• _What you are asked to do_
Leave out the pictures and output exactly the lines below from the one with "How to Use a Pom Pom Maker to Make Pom Poms" down to the one with "Deutsche Besetzung I.", both of them included.

• _Dataset entries_
- - -
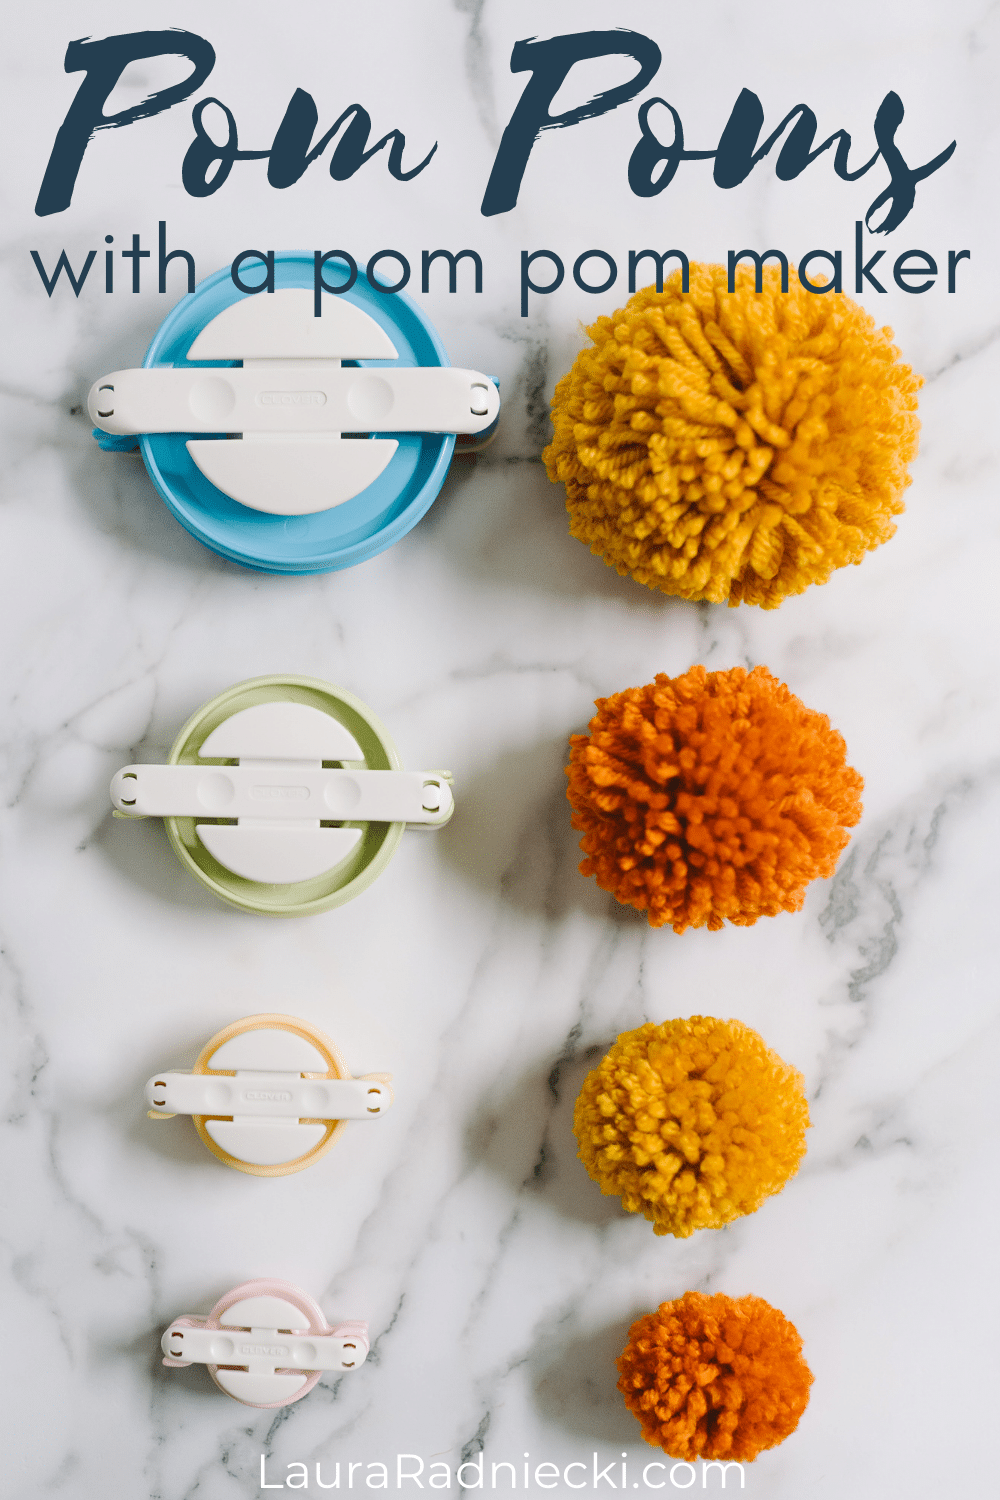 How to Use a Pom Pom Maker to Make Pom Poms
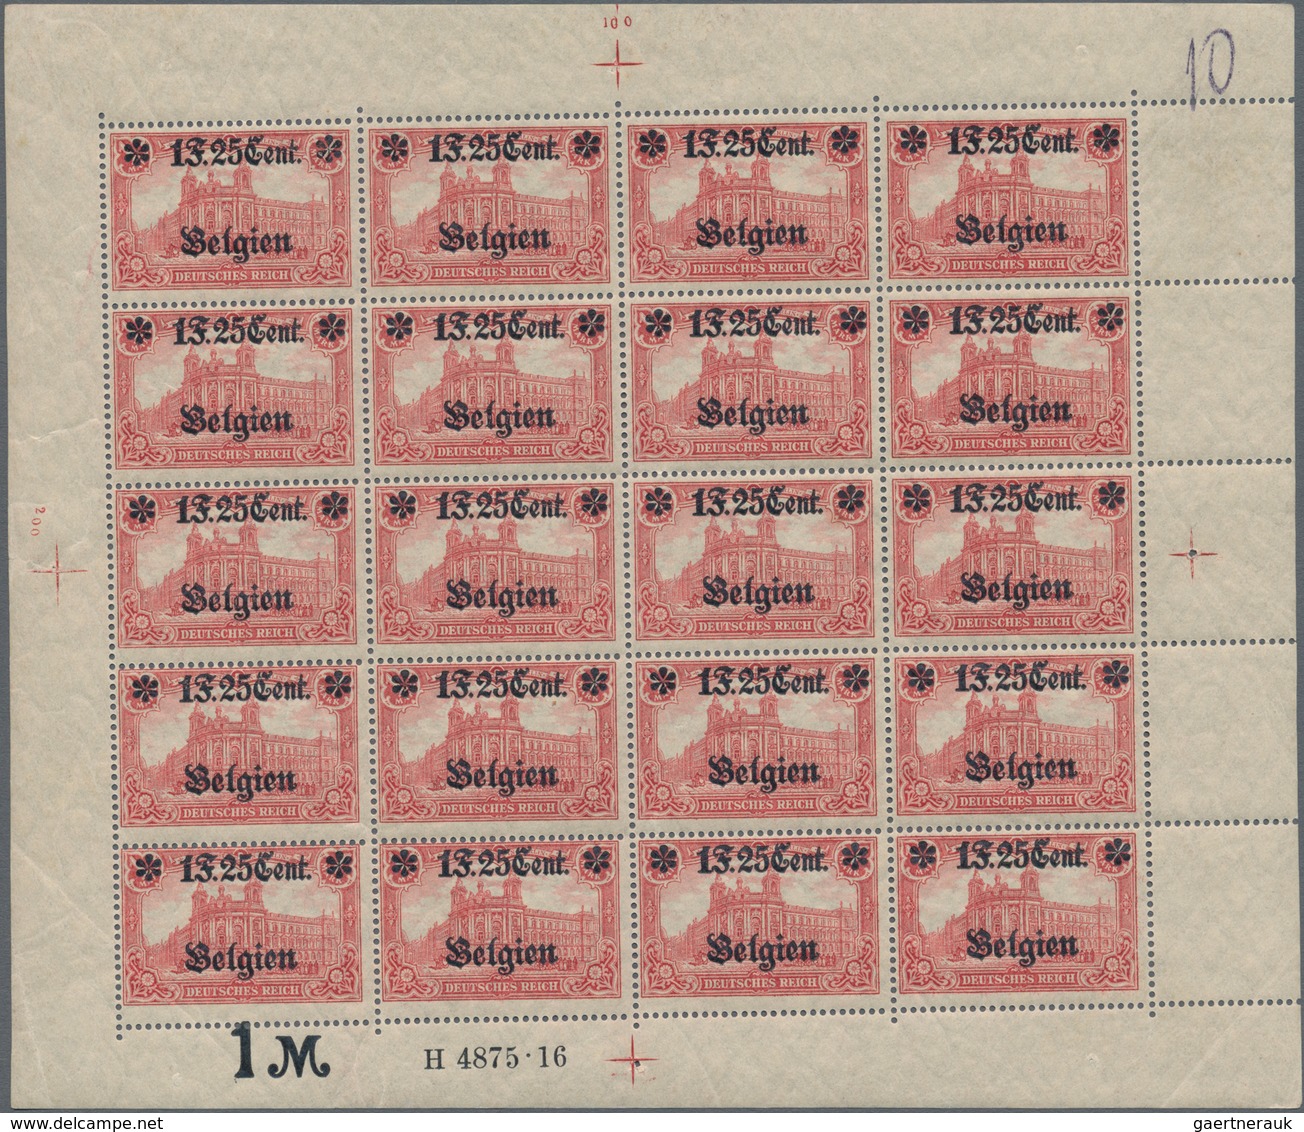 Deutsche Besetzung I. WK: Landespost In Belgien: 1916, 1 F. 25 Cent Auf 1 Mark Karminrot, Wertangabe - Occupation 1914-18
- - -
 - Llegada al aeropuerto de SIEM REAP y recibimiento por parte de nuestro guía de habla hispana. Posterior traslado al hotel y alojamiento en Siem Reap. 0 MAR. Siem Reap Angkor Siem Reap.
- - -
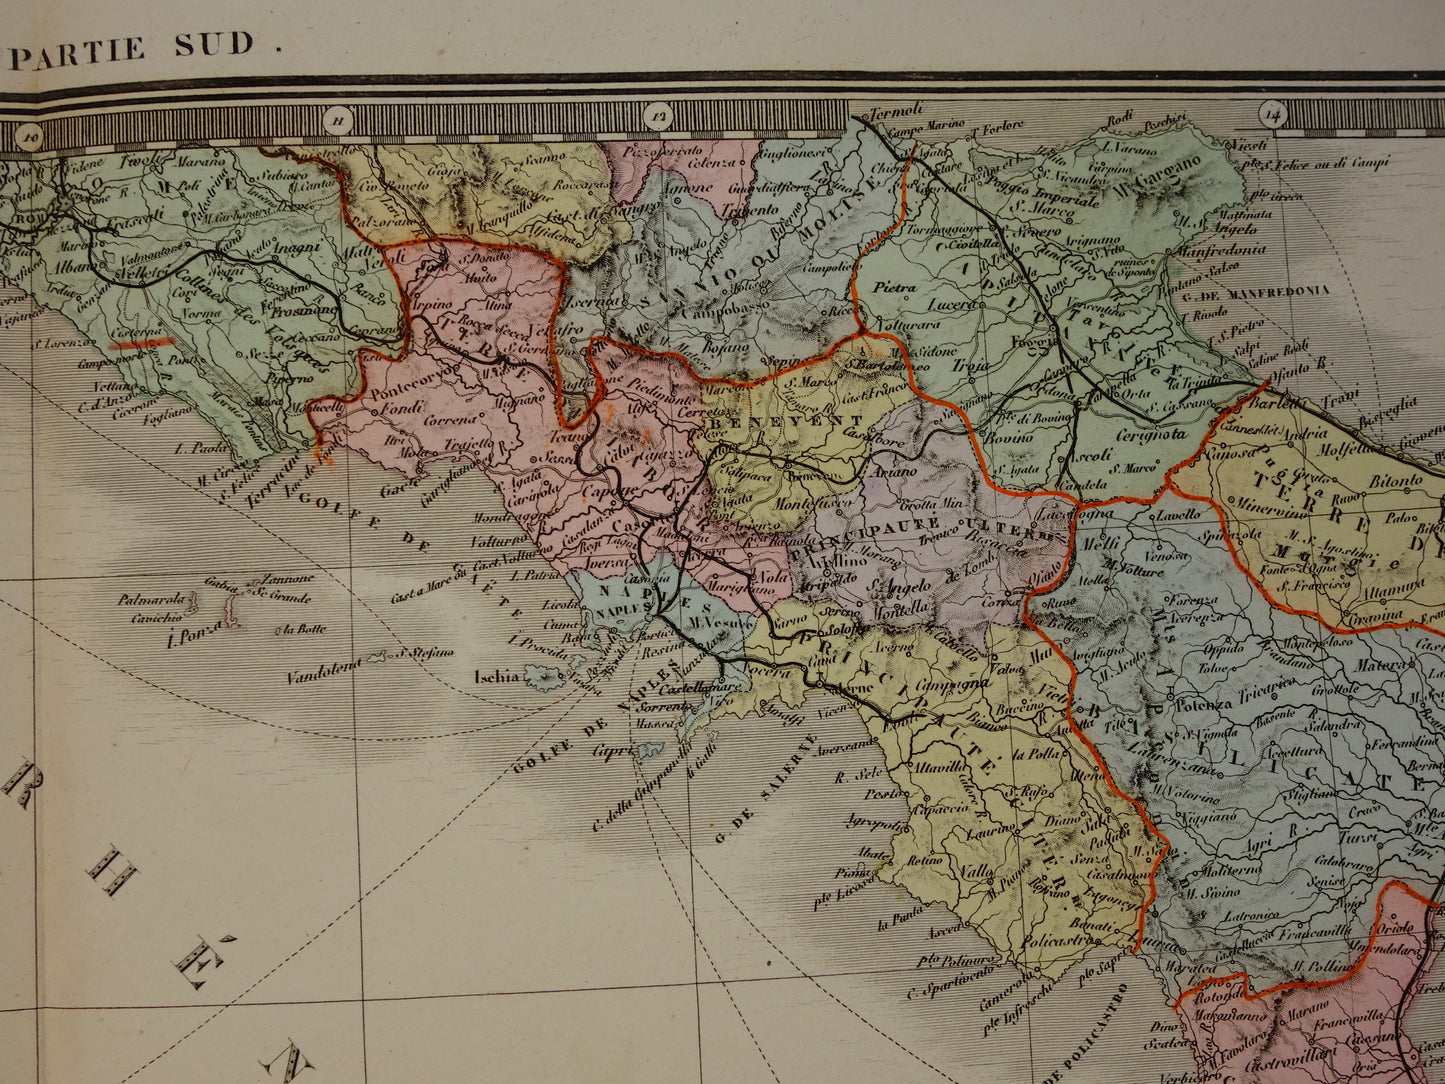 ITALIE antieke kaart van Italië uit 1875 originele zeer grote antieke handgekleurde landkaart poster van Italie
- - -
• _Answer to this exercise_
 How to Use a Pom Pom Maker to Make Pom Poms
 Deutsche Besetzung I. WK: Landespost In Belgien: 1916, 1 F. 25 Cent Auf 1 Mark Karminrot, Wertangabe - Occupation 1914-18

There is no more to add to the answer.